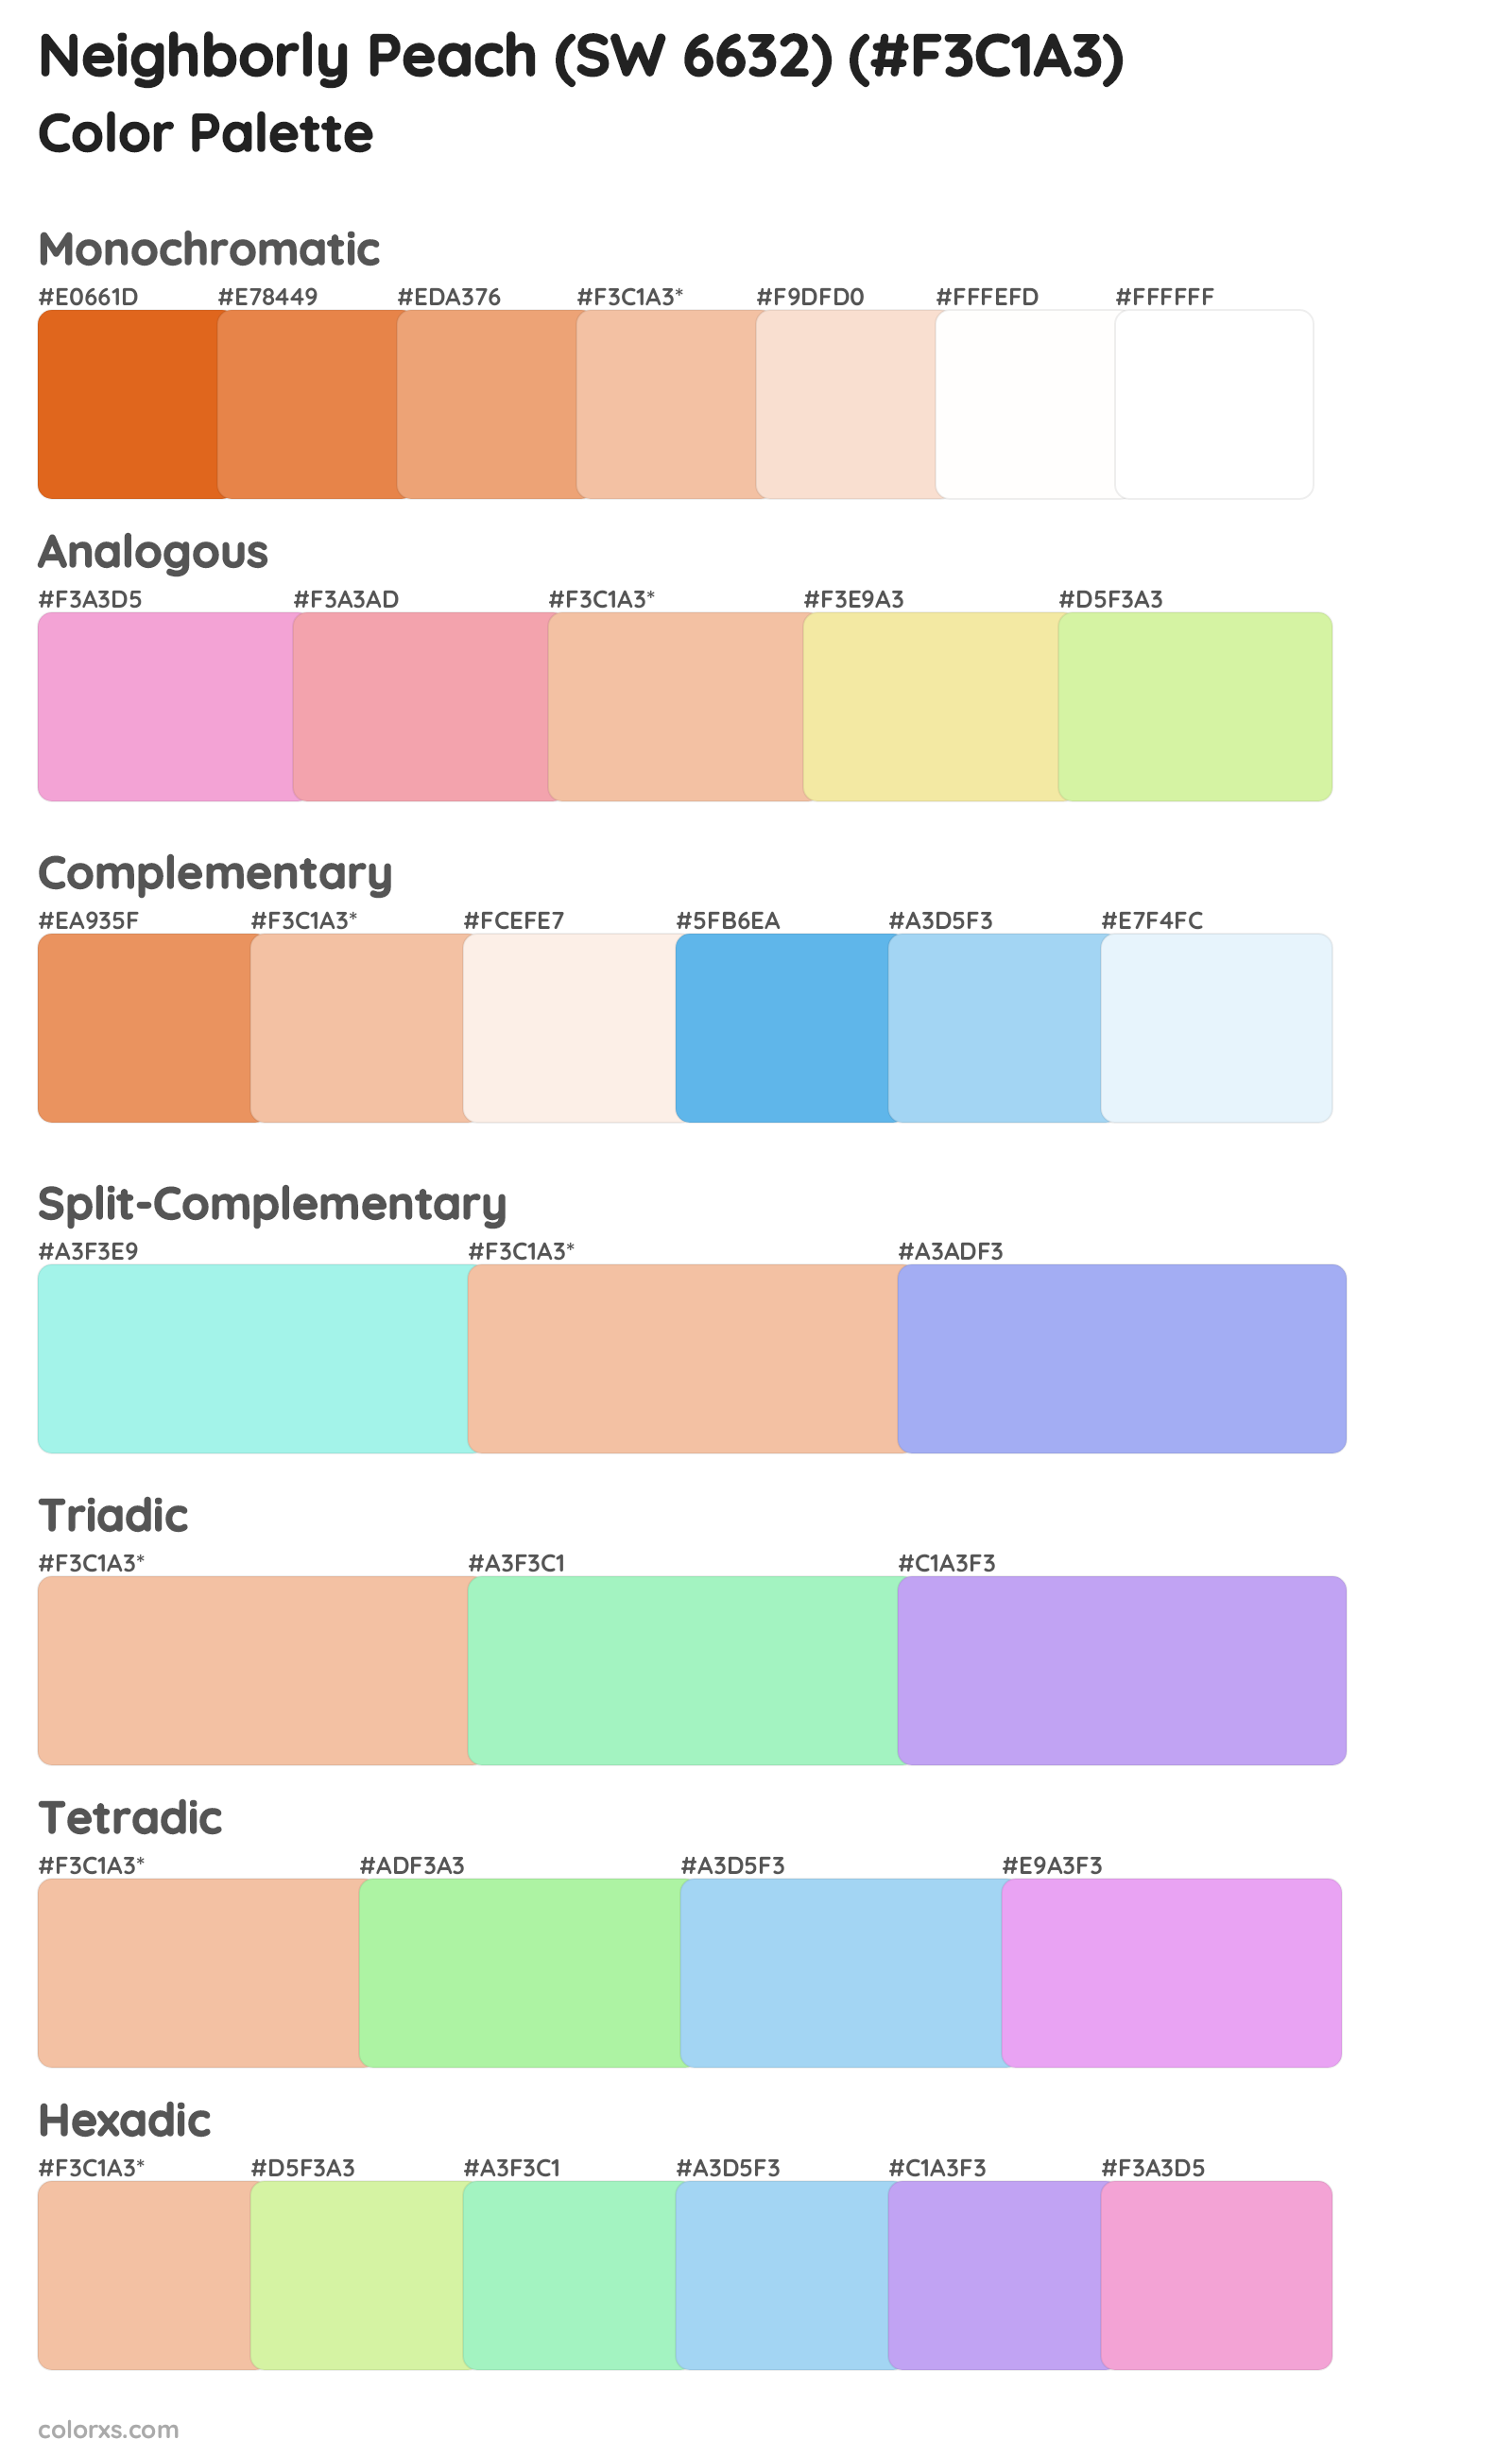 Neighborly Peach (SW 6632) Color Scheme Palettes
☆ ☆ ☆
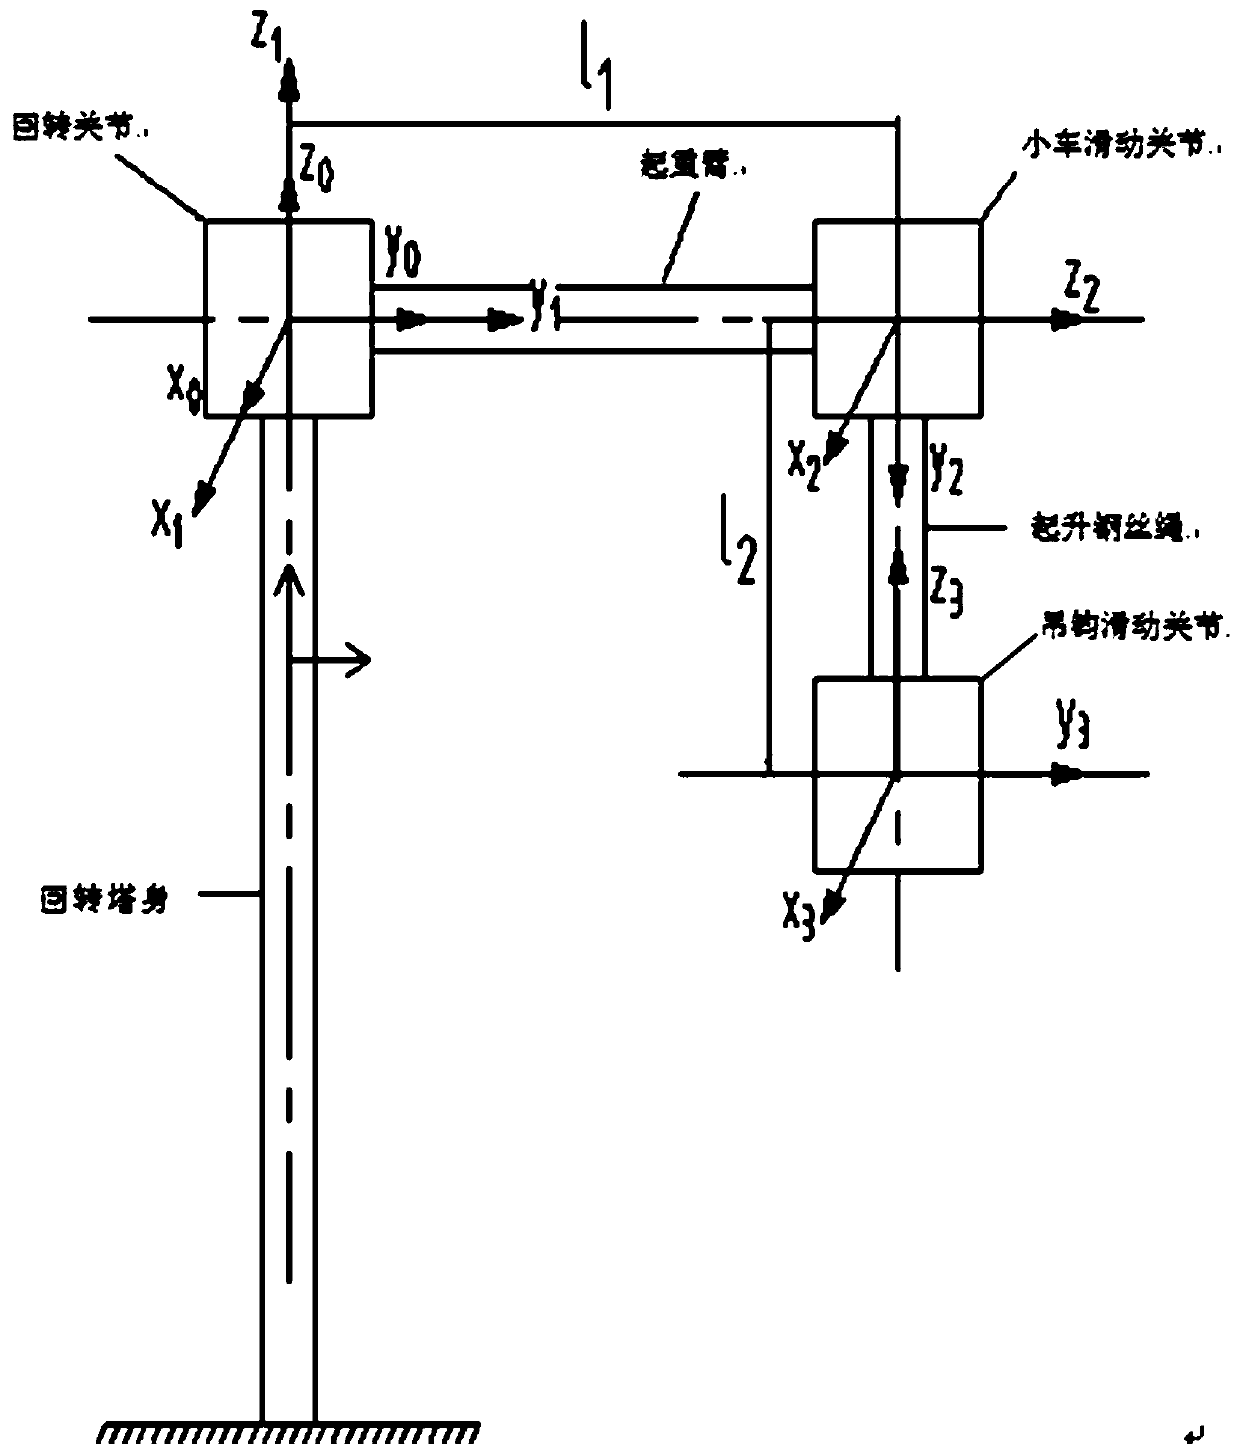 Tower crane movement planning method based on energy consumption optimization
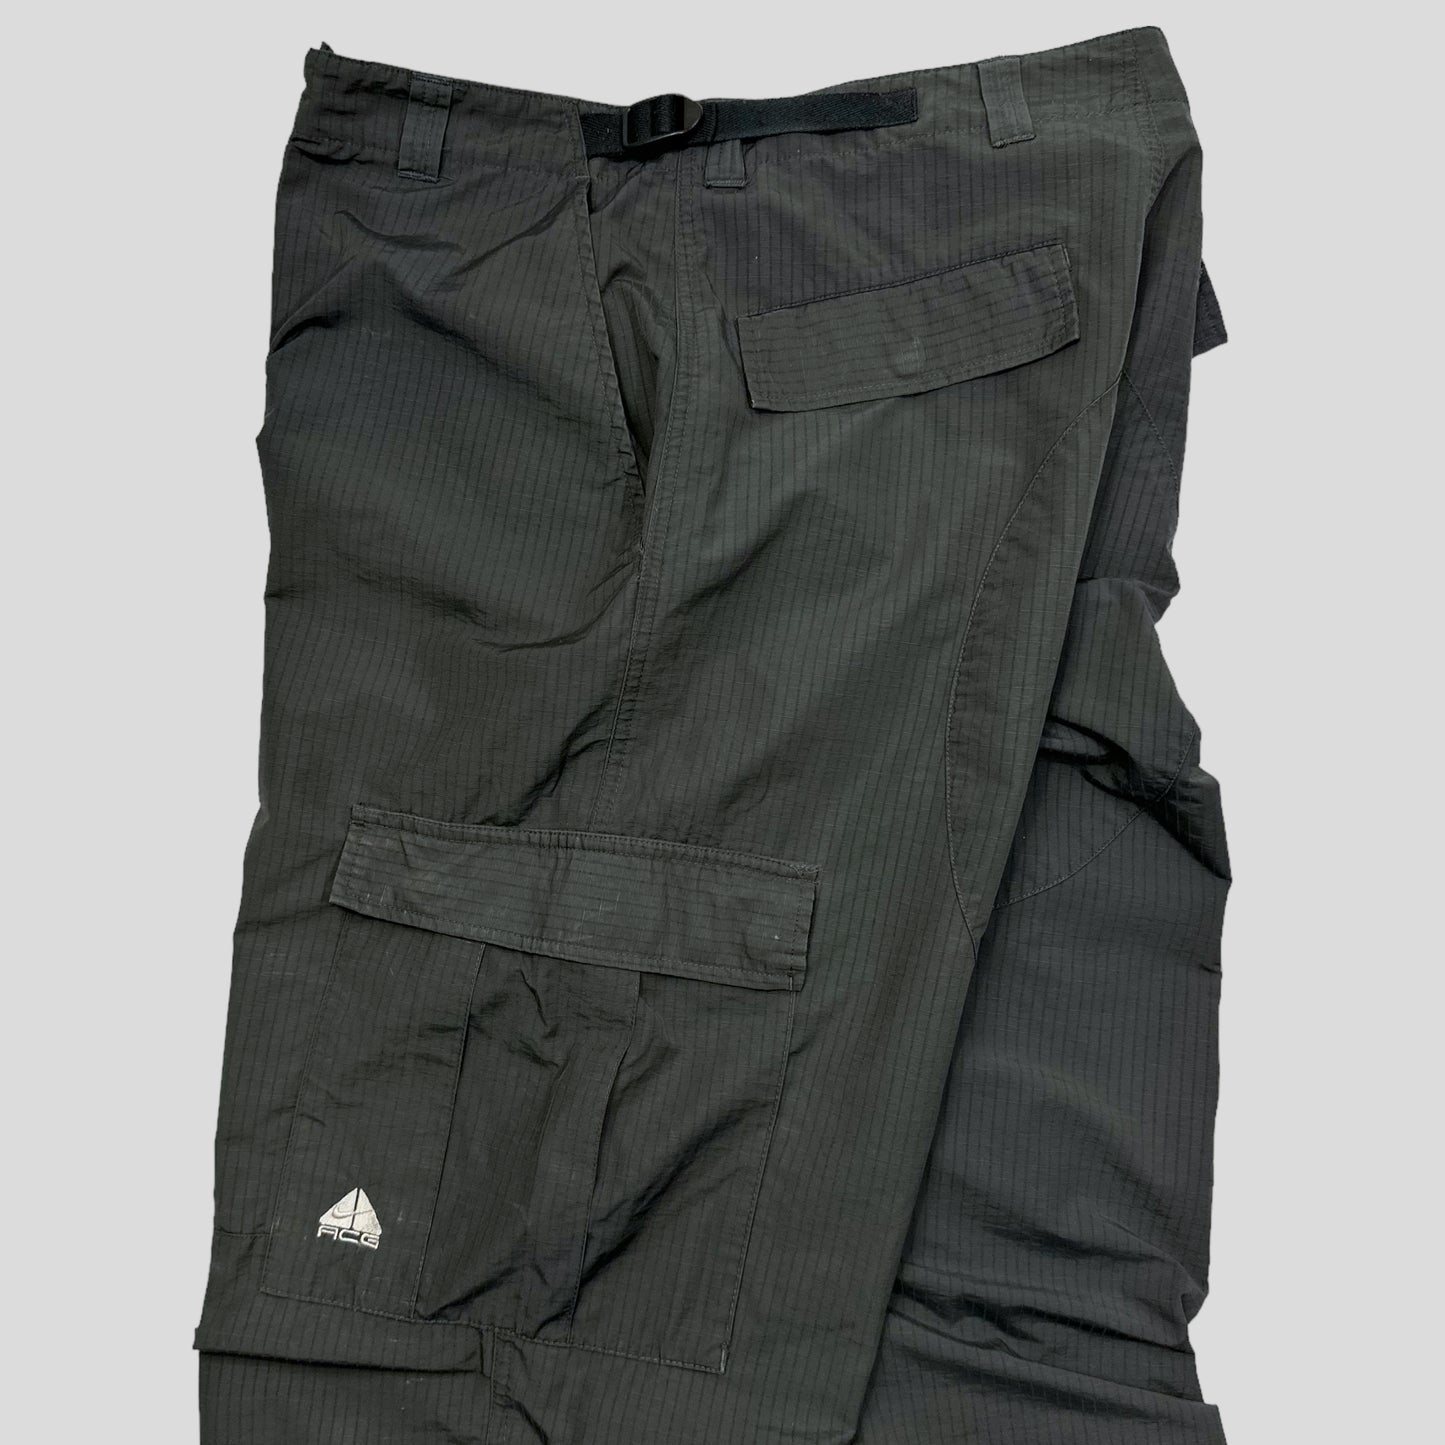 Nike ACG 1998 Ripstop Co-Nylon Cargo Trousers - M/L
☆ ☆ ☆
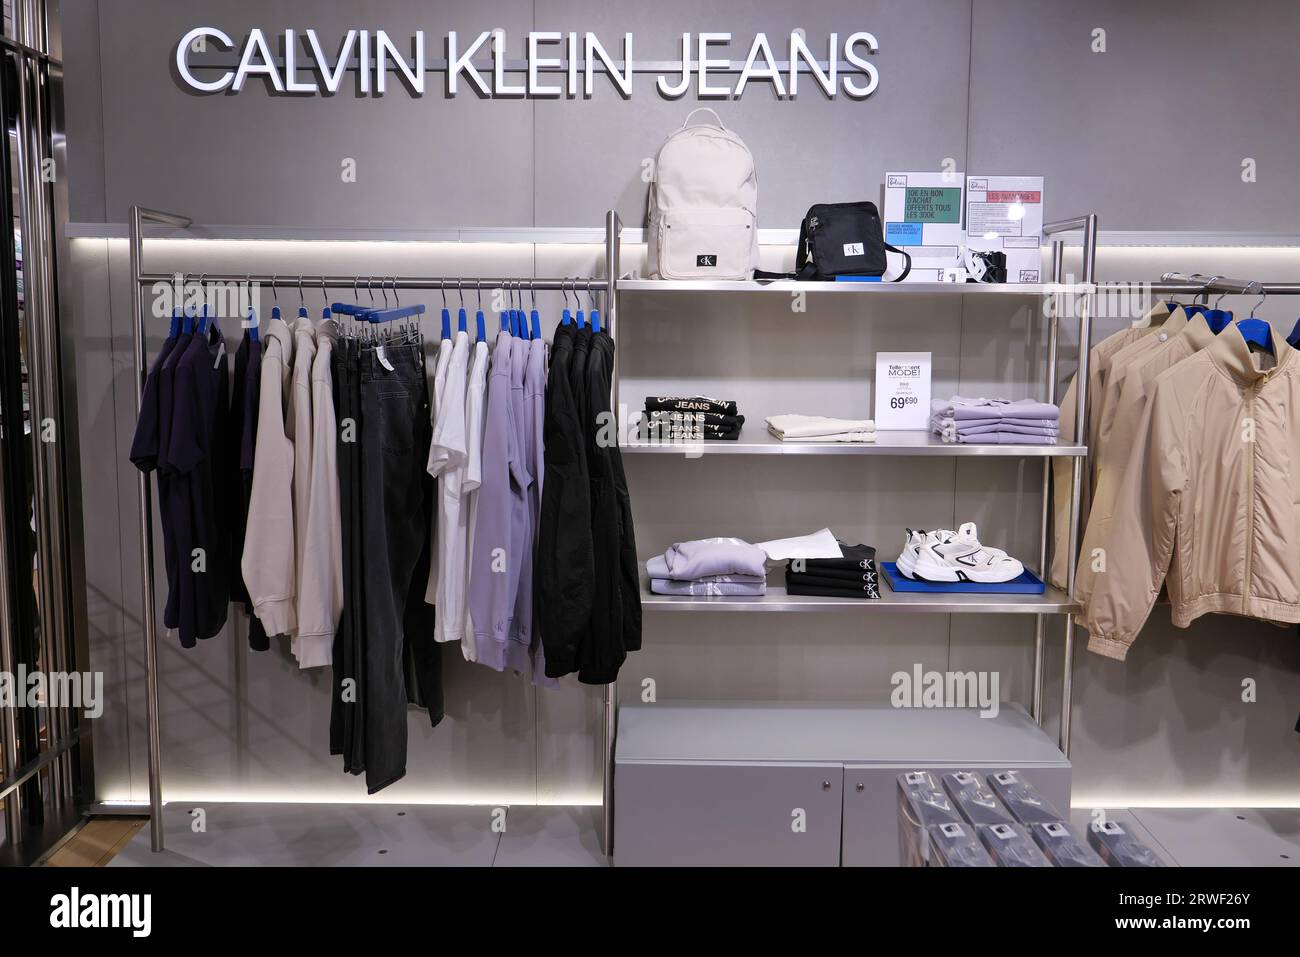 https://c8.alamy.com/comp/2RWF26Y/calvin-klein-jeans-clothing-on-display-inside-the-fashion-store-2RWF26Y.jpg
☆ ☆ ☆
**Assignment**
Looking above, find the stretch of lines that opens with the one holding "Tower crane movement" and closes with the one holding "Nike ACG 1998". Copy it exactly, pictures excluded.

**Response to this task**
 Tower crane movement planning method based on energy consumption optimization
 Nike ACG 1998 Ripstop Co-Nylon Cargo Trousers - M/L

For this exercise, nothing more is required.